═════ Data block ═════

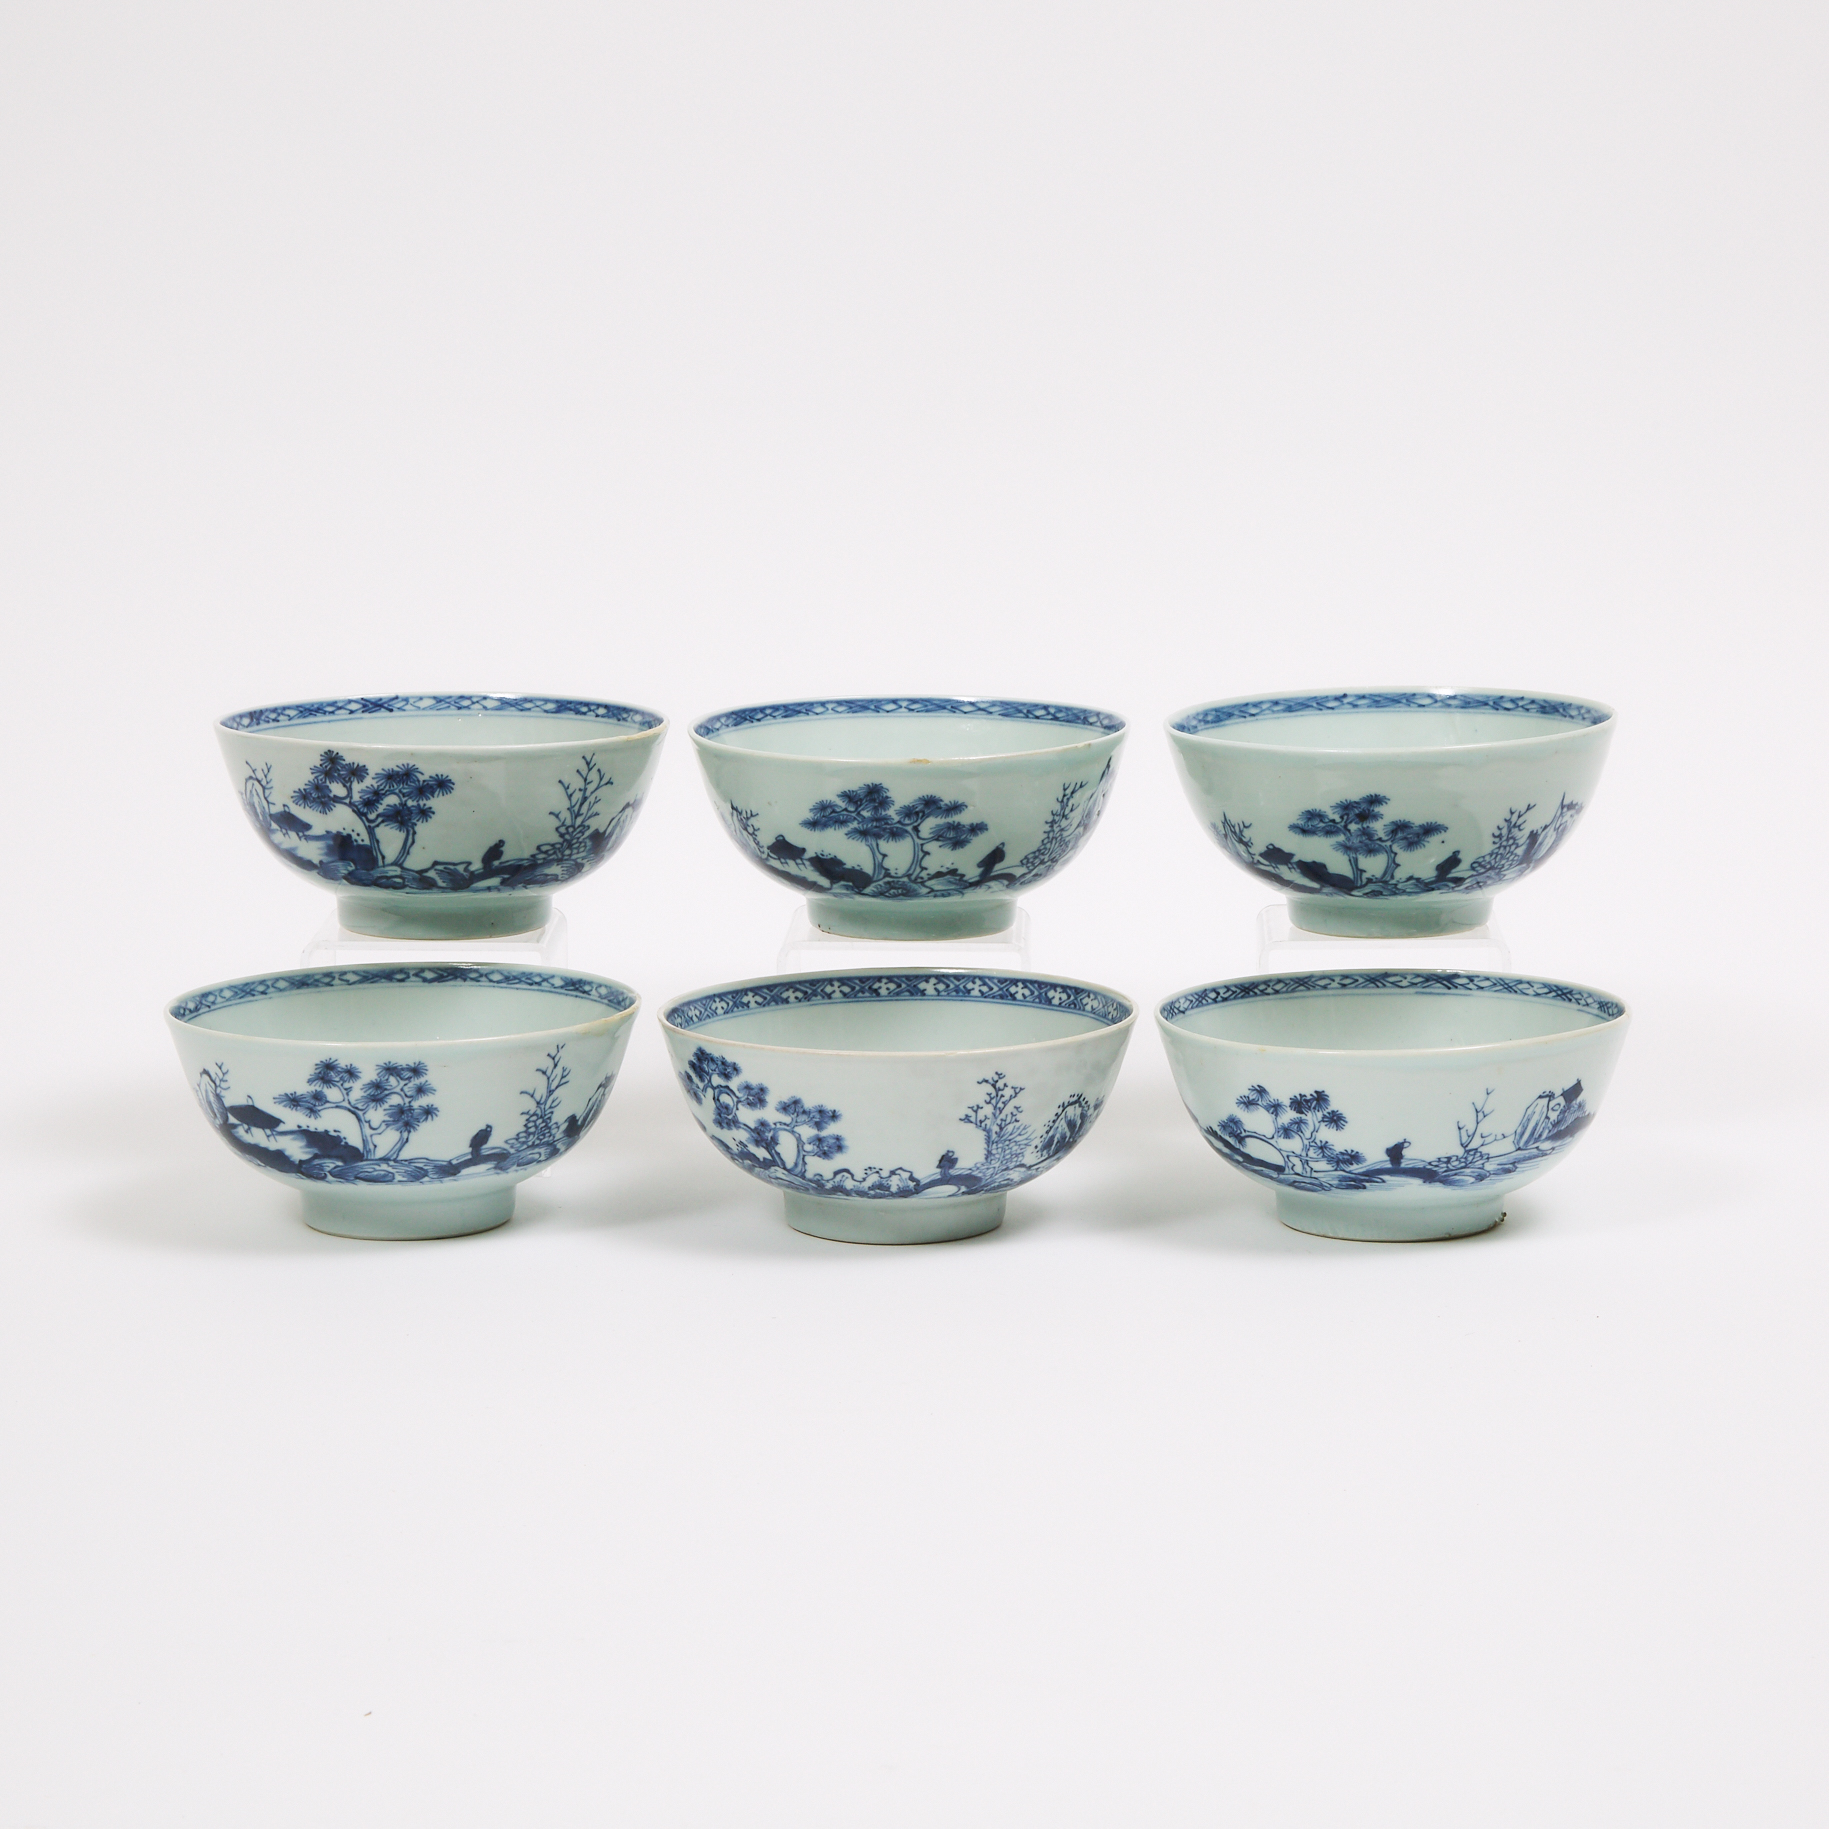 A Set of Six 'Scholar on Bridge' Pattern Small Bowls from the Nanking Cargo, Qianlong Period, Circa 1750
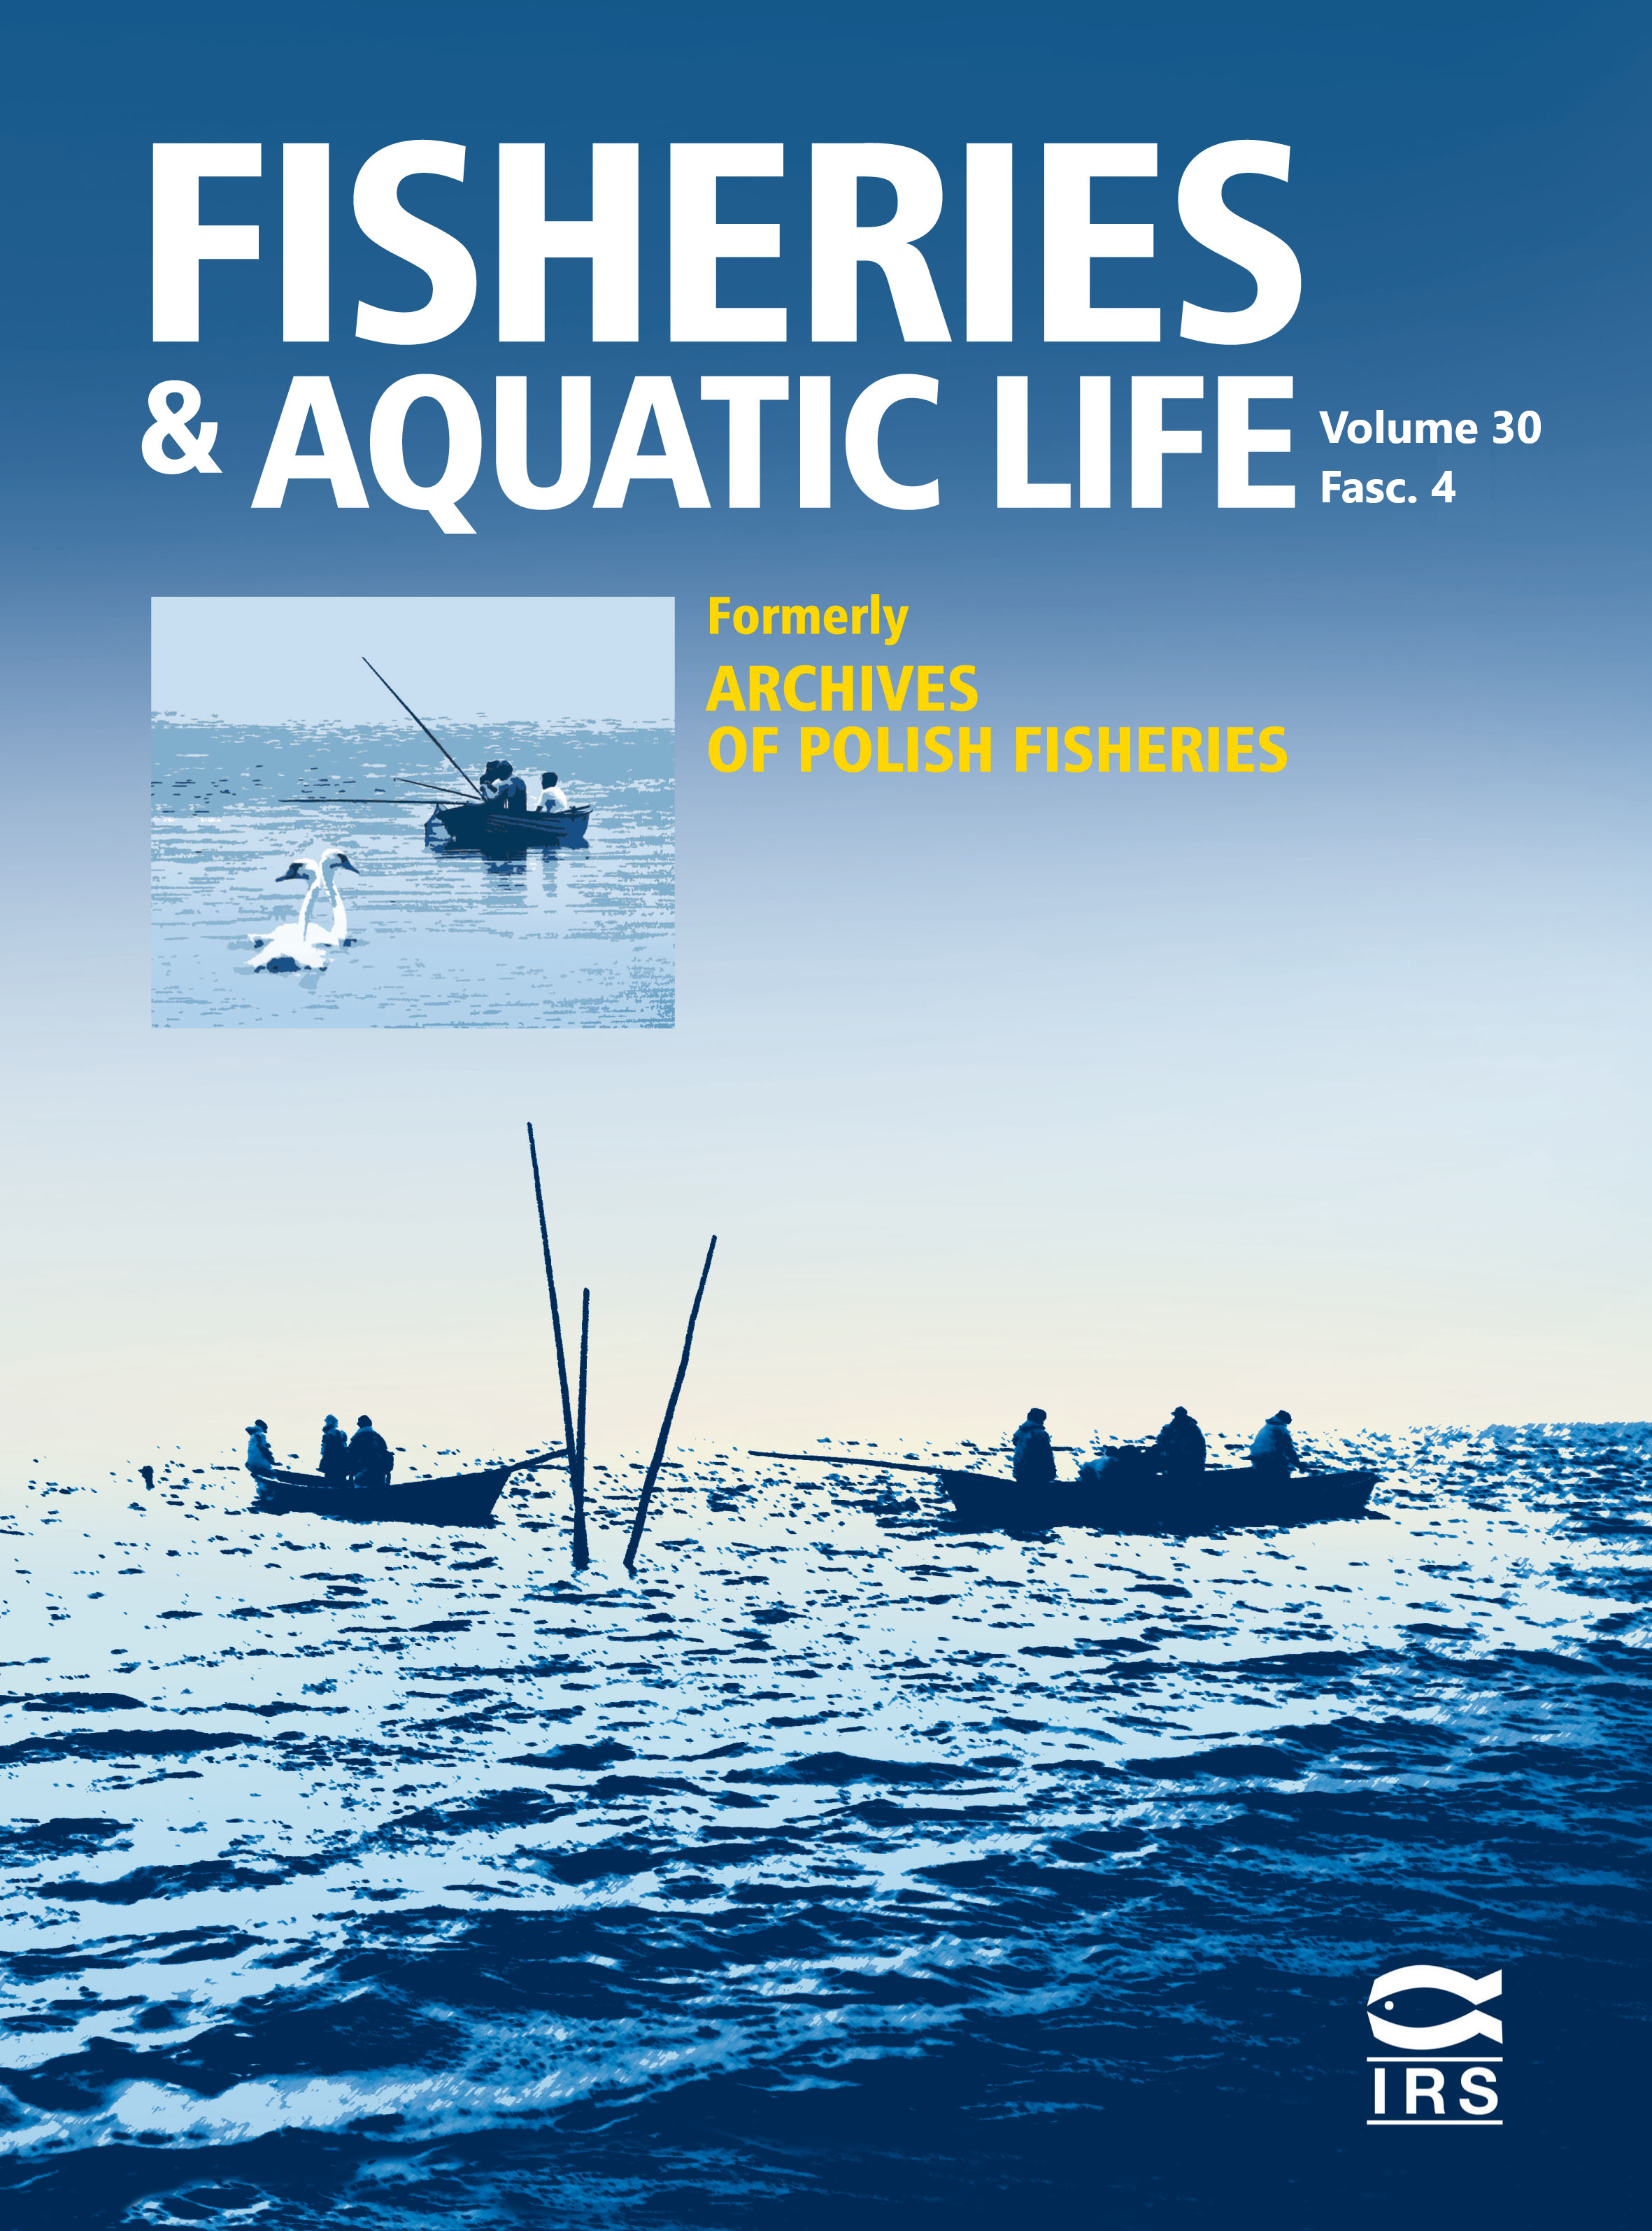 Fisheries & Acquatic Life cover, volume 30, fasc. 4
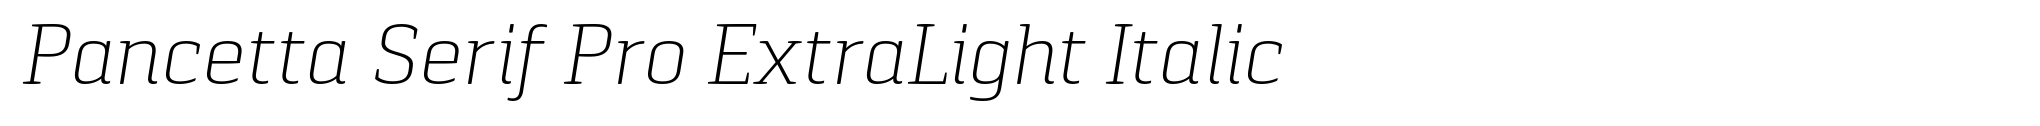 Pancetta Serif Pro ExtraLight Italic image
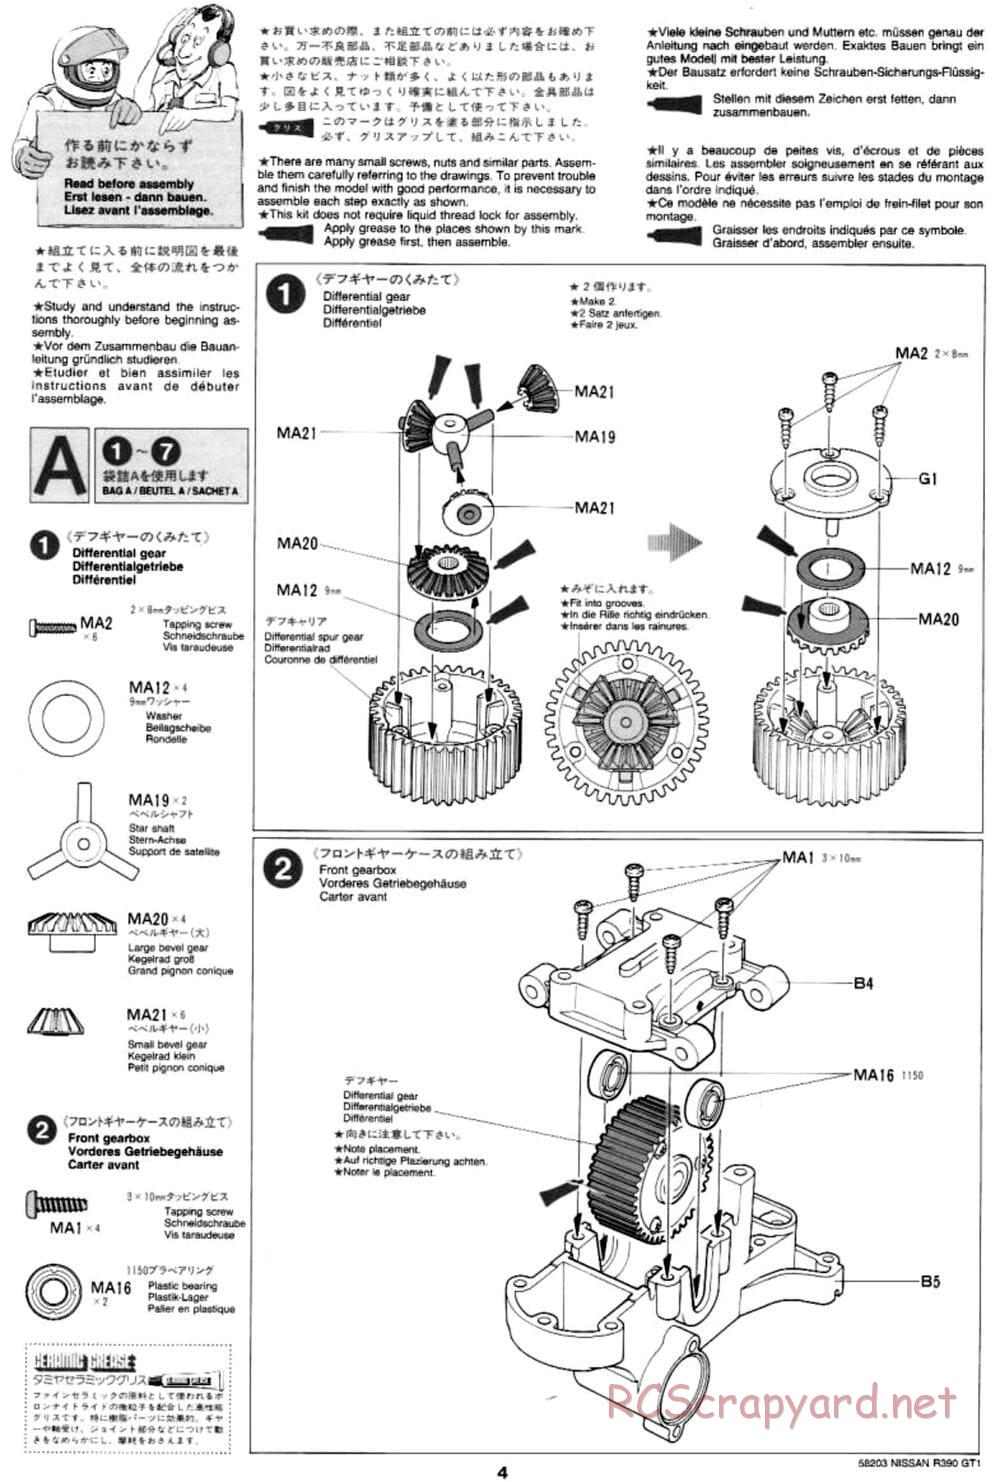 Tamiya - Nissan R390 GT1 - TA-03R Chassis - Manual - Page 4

═════

**Task prompt:** The data should be printed again unchanged; leave its pictures out.

**Solved problem:**
 A Set of Six 'Scholar on Bridge' Pattern Small Bowls from the Nanking Cargo, Qianlong Period, Circa 1750
 Fisheries & Acquatic Life cover, volume 30, fasc. 4
 Pancetta Serif Pro ExtraLight Italic image
 Tamiya - Nissan R390 GT1 - TA-03R Chassis - Manual - Page 4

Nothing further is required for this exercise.